Washington, D.C. – Today, Republicans on the House Appropriations Committee released the draft funding bill for Financial Services and General Government (FSGG) Subcommittee for fiscal year 2024 and the proposal slashes funding for the IRS. The legislation, which will be considered in the FSGG subcommittee tomorrow, proposes $11.4 billion in cuts to IRS funding, costing the country billions more in the long run and breaking the debt ceiling deal to which Republicans agreed a few weeks ago. This funding, which was approved through the Inflation Reduction Act, is essential to modernize the agency’s operations, improve agency’s responsiveness, reduce the backlog of tax returns by 80%, and crack down on regulating wealthy tax cheats who have long gamed the system and benefitted from skipping out on taxes. In response to the proposed budget, Adam Ruben, Director of Economic Security Project Action issued the following statement:
“Republicans want to slash IRS funding and let wealthy tax cheats avoid paying their fair share. That costs the country billions of dollars – while also blocking the free and simplified tax filing that everyday taxpayers want. The perpetuation of a complicated tax code combined with an underfunded IRS is not by accident: this was designed in response to a heavy lobby effort by profit-hungry tax preparation companies and wealthy tax cheats who seek to keep more money in their pockets at the expense of everyday taxpayers. Year after year, Republicans have cut back on funding for the IRS, intentionally crippling the agency, so that their wealthy friends and corporations can use loopholes in the tax code to their advantage and not have to worry about the IRS going after them. In 2019 alone, the top 1% of taxpayers skipped out on paying $163 billion in taxes. It’s time for congressional leadership to step up to block efforts to cut IRS funding so that the IRS can crack down on tax fraud.

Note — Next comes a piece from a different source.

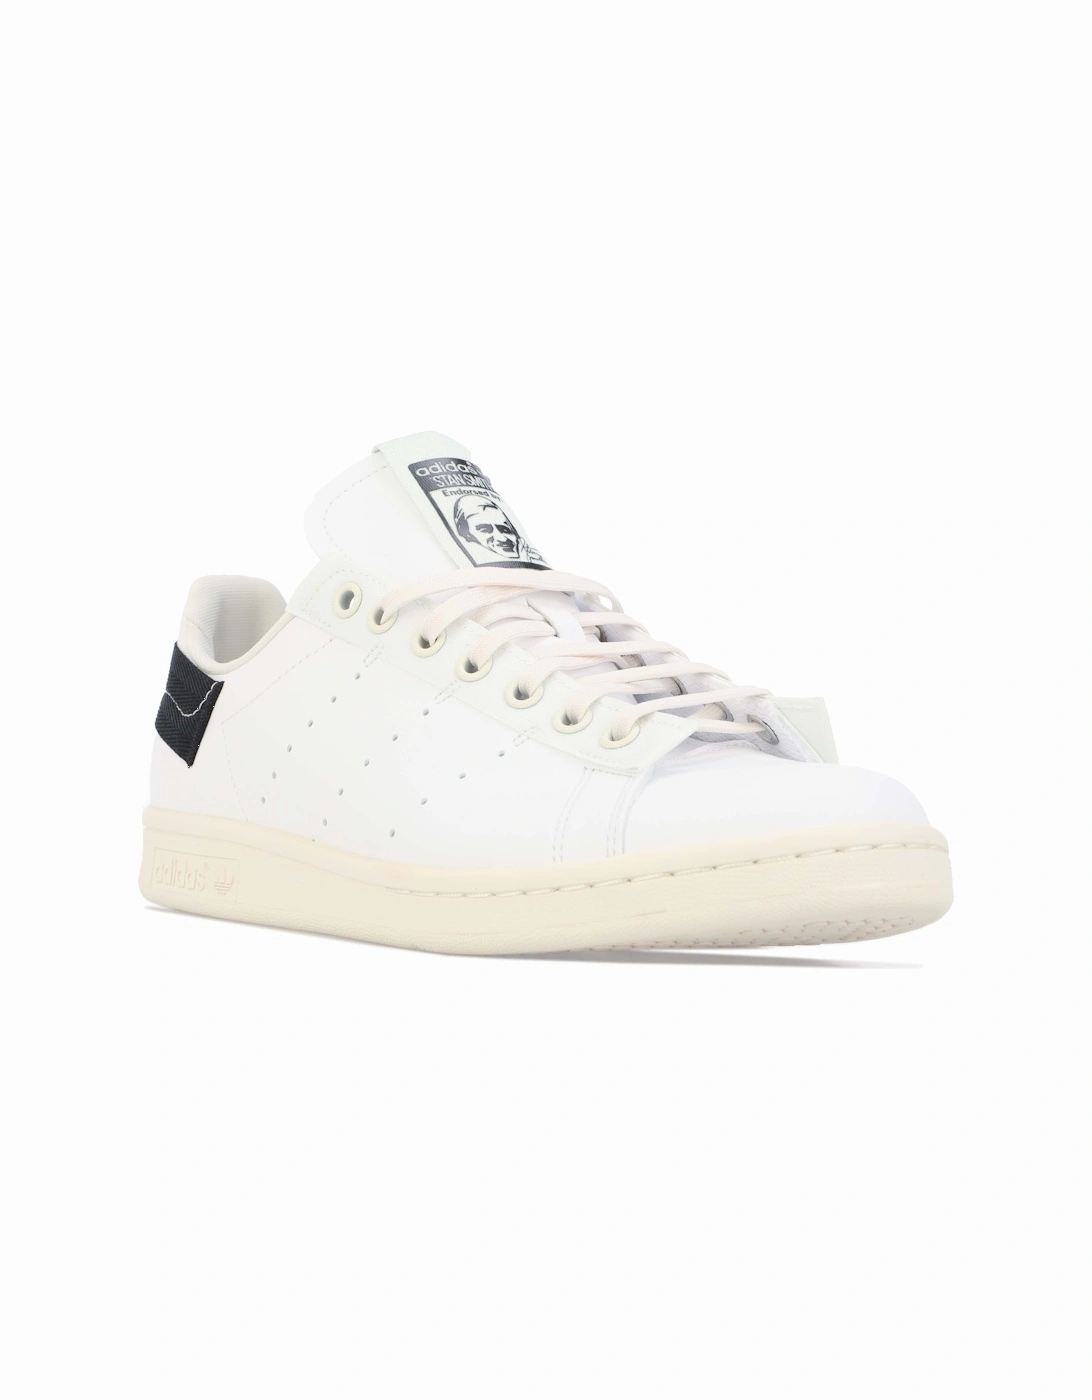 Men's Mens Stan Smith Parley Trainers - White - Size: 7.5

“Despite the importance of this investment, Republicans have already used the debt ceiling to cut out $21.4 billion in funding for the IRS, using the guise of ‘reducing the deficit’ as an excuse, and this proposal would gut the agency further. We know their deficit reduction claims are simply not true: every $1 invested in IRS funding yields $5 to $9 in return on investment, meaning cuts to the IRS will increase the future deficit.
“On top of the cuts in funding, the proposed budget cuts also forbid the development of an IRS-run direct file system – even though the IRS has already built a pilot for next year – which could save individual taxpayers over $100 every year by providing a platform for taxpayers to file their taxes for free. This proposed ban on the development of a direct file system is a clear attempt to force low-income taxpayers to pad the profits of paid tax preparation monopolies. We appreciate how congressional champions are stepping up to call out the proposed funding cuts and we call on other congressional leaders to reject any more cuts to IRS funding and defend the IRS’s right to develop a direct file option.”
The cuts to IRS funding are being proposed at a time when the majority of Americans believe that corporations and wealthy should pay their fair share and they want taxpayers to have the option to file their taxes easily and for free, both of which could be curtailed if the funding cuts go forward. This is also happening when the overwhelming majority of voters – 75 percent – say they would be less likely to support a politician who made it easier for wealthy tax cheats to abuse the system. Leaders should meet Americans where they are by ensuring that the agency has the funding it needs to meet its obligations to taxpayers over the long term.